▸ **Directions for this task**
Print the line containing "Kampania Lucjusza Licyniusza Lukullusa" and each line after it through the end of the material below, exactly as it appears, but skip the pictures.
Raw data section start
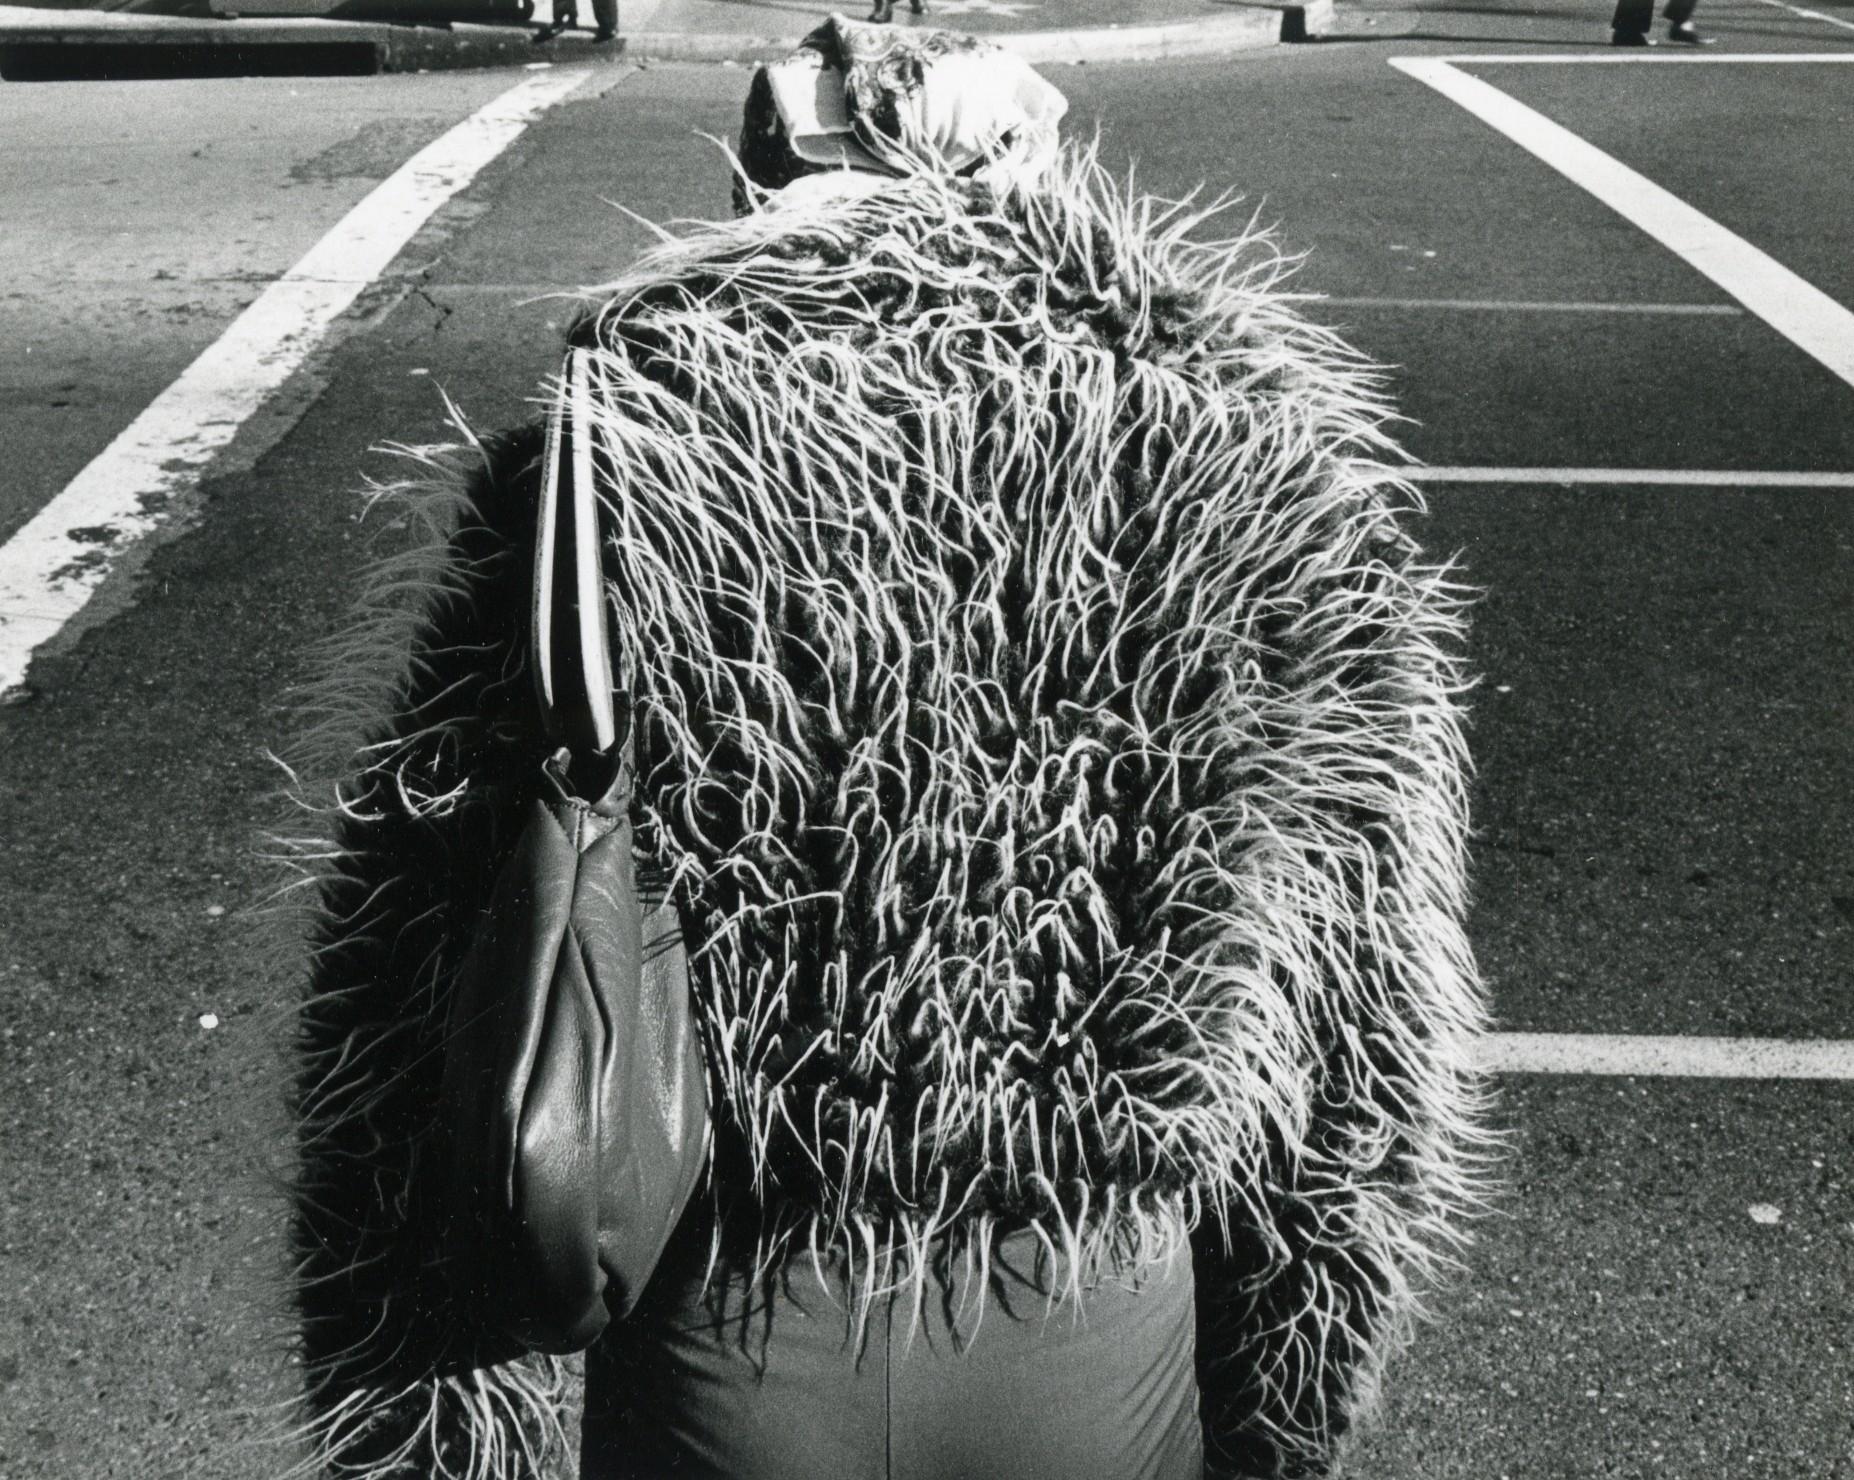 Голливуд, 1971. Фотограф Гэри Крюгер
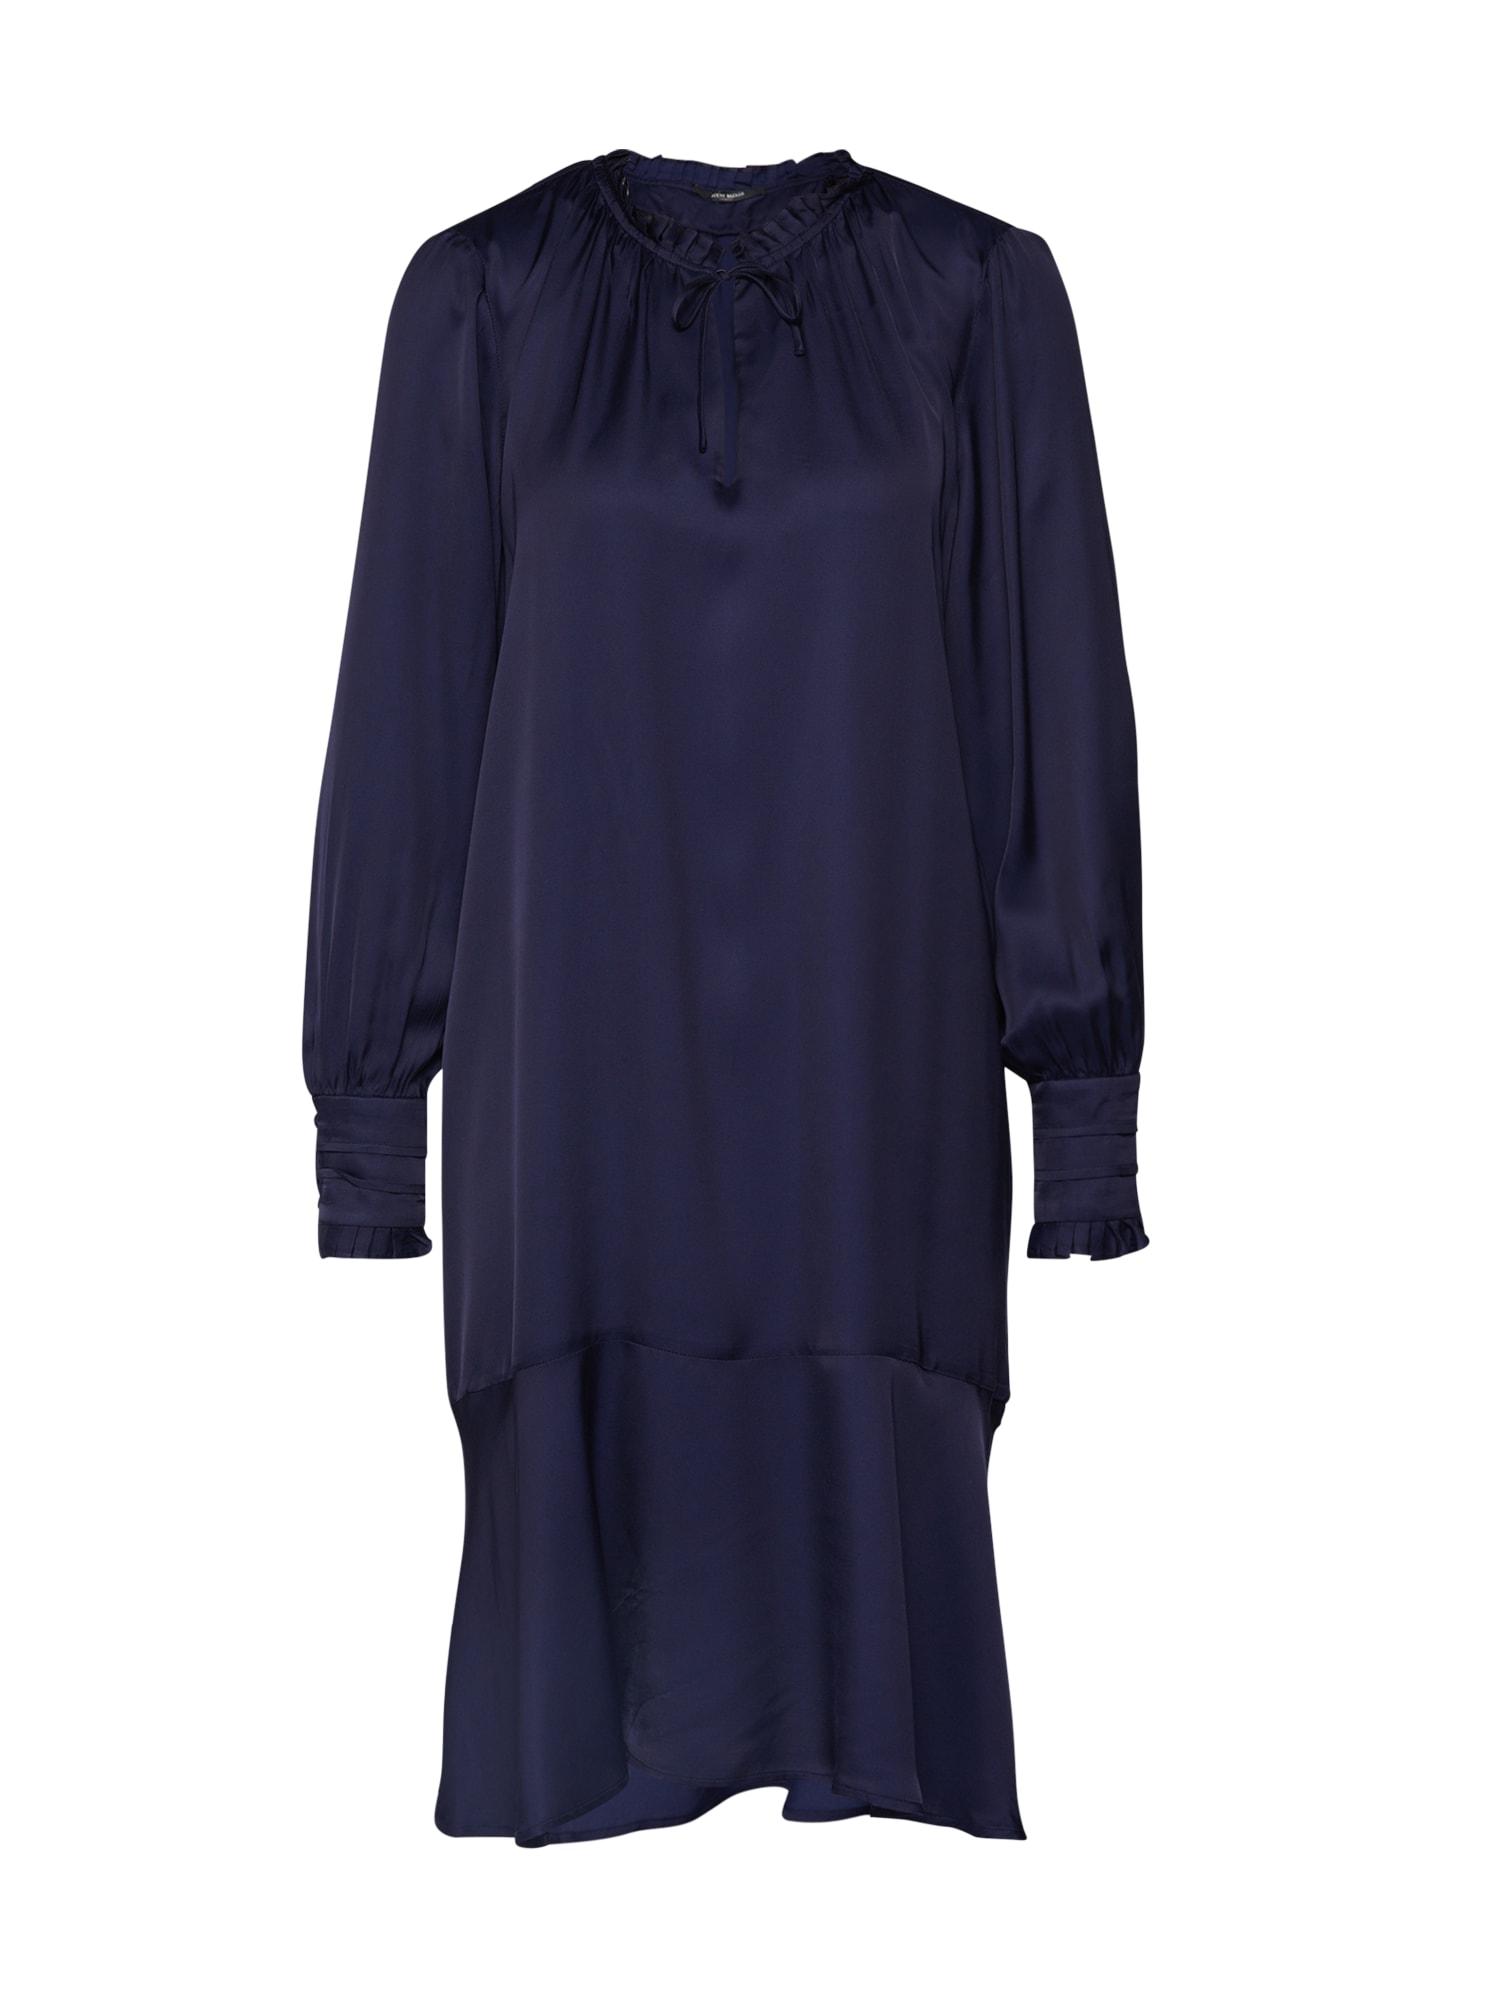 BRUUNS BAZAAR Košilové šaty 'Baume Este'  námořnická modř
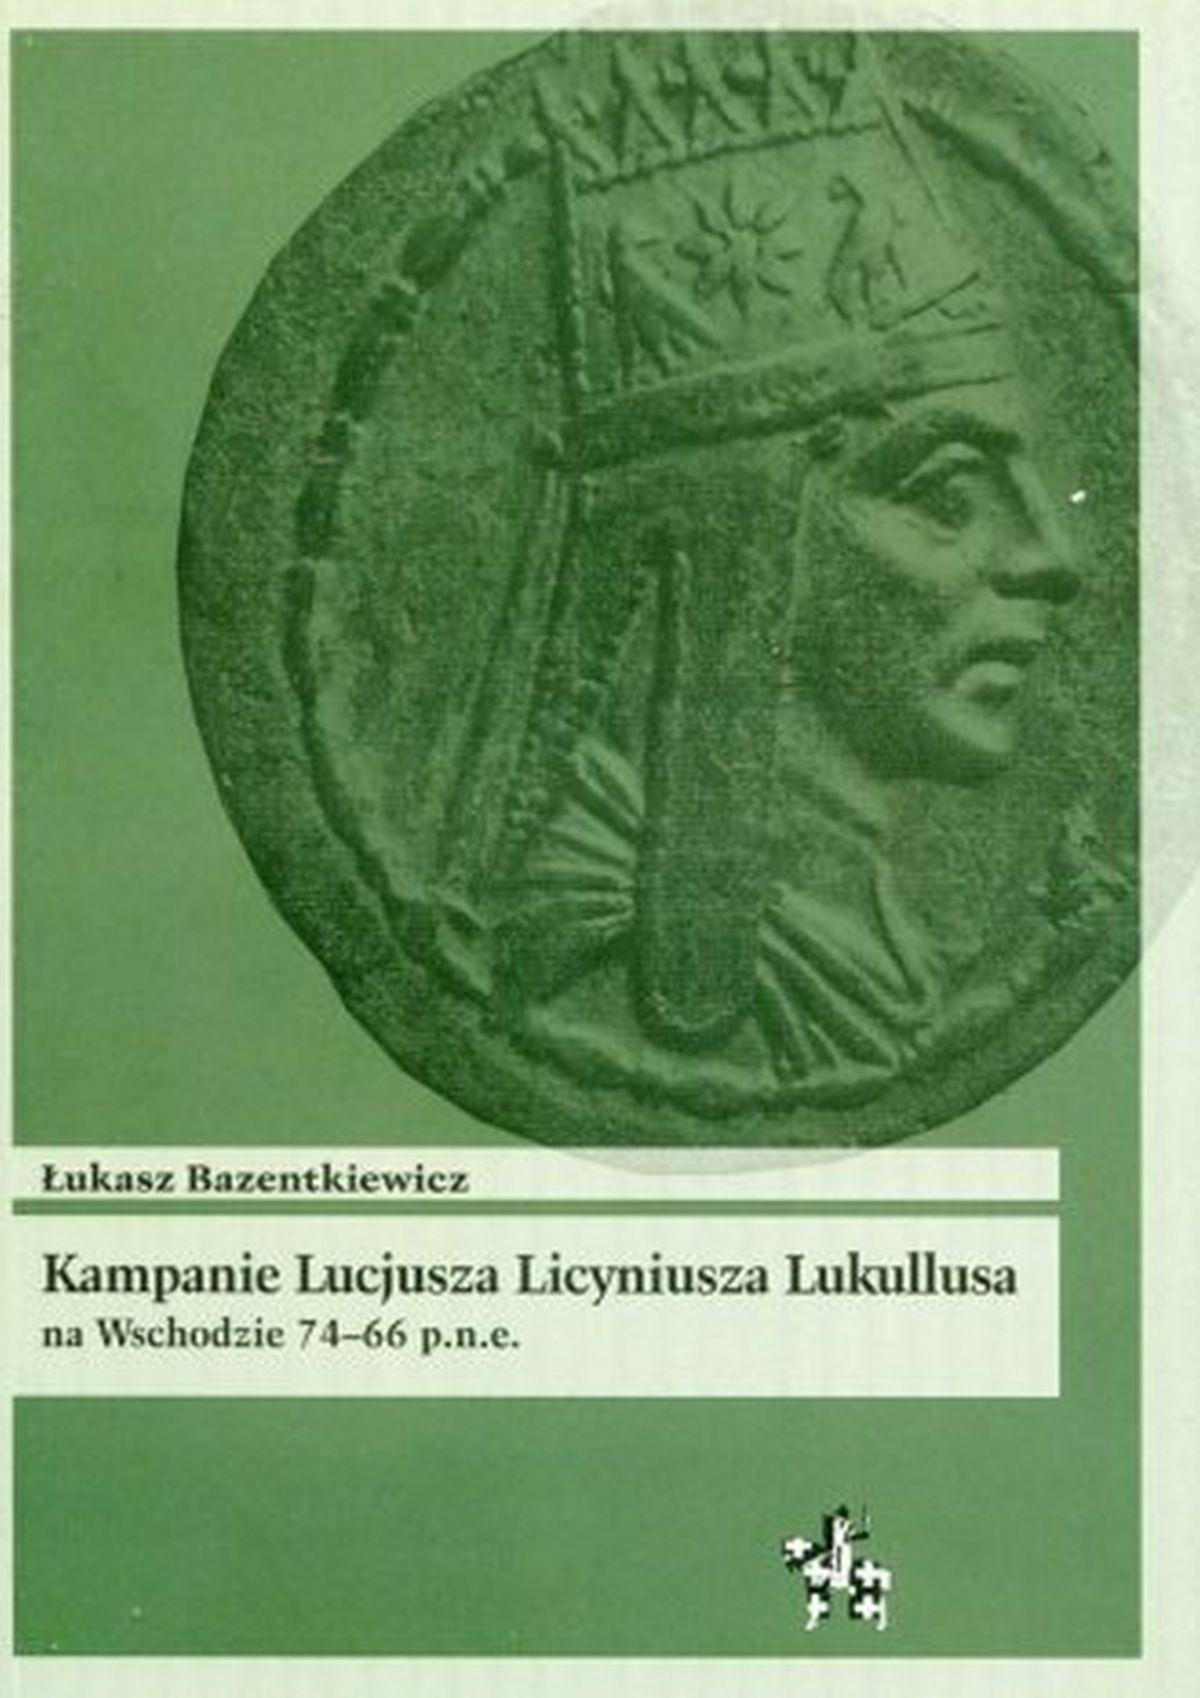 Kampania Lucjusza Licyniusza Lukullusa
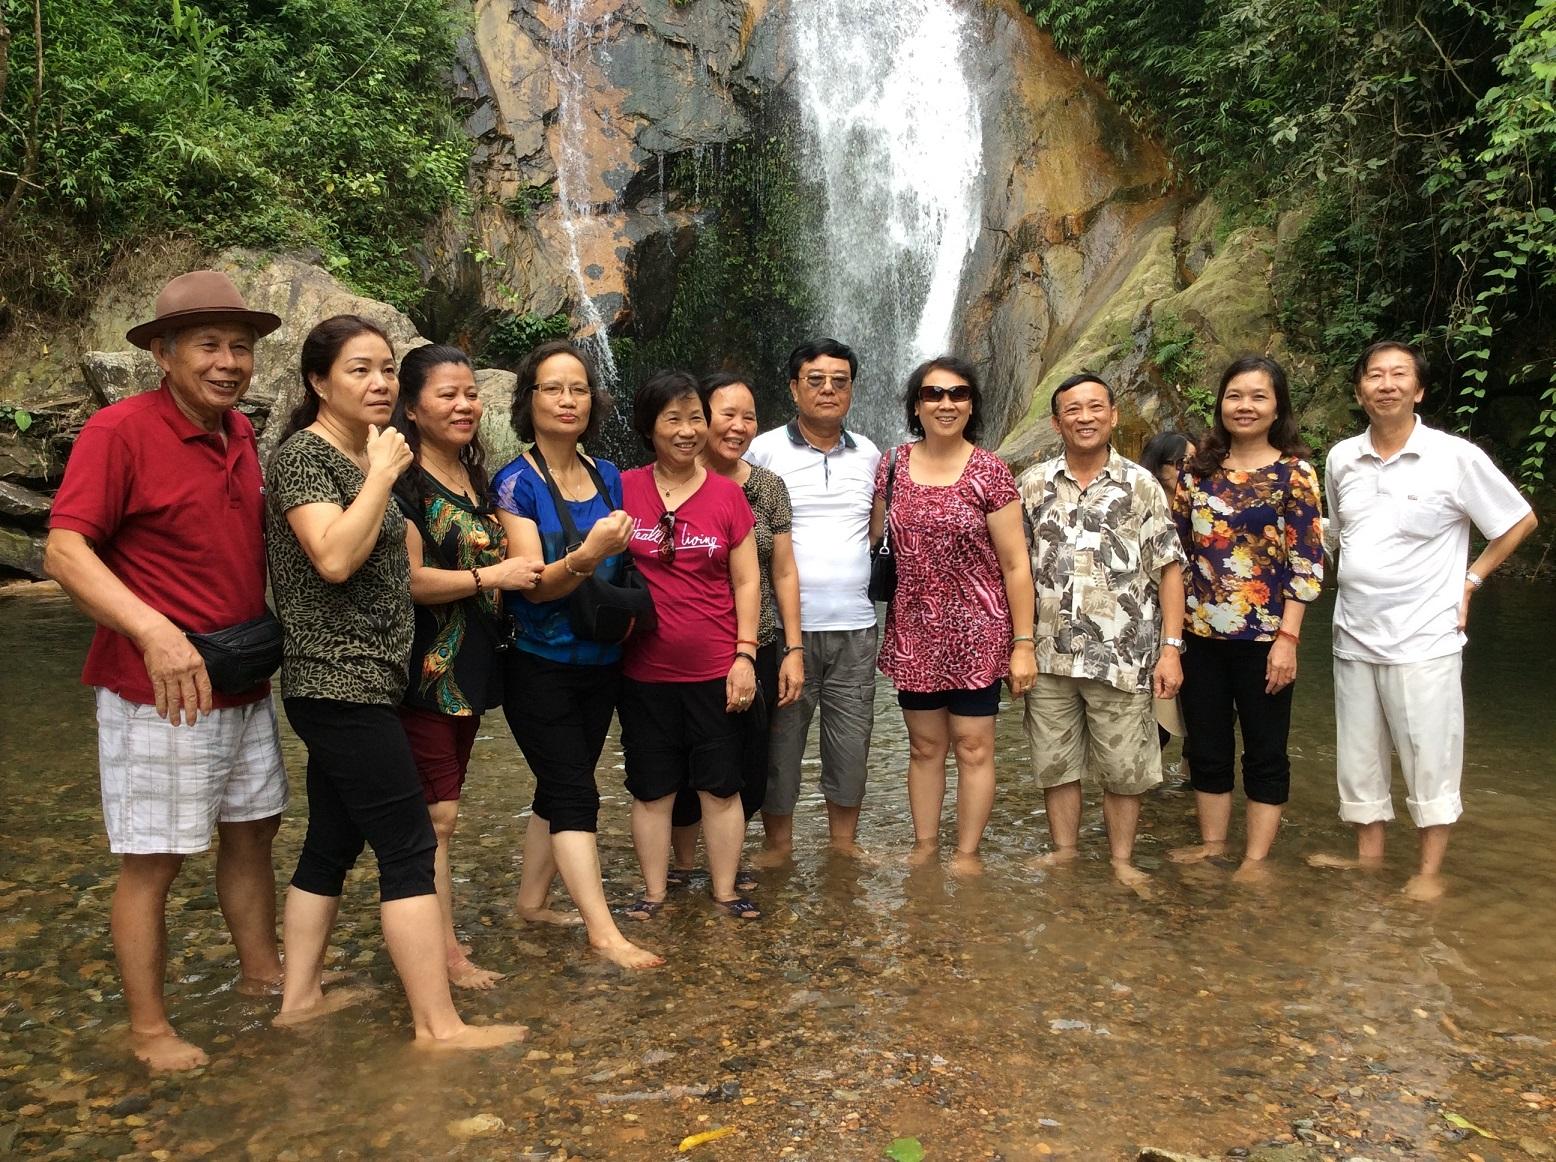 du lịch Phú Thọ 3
Raw data section end
▸ **Exercise answer**
 Kampania Lucjusza Licyniusza Lukullusa
 du lịch Phú Thọ 3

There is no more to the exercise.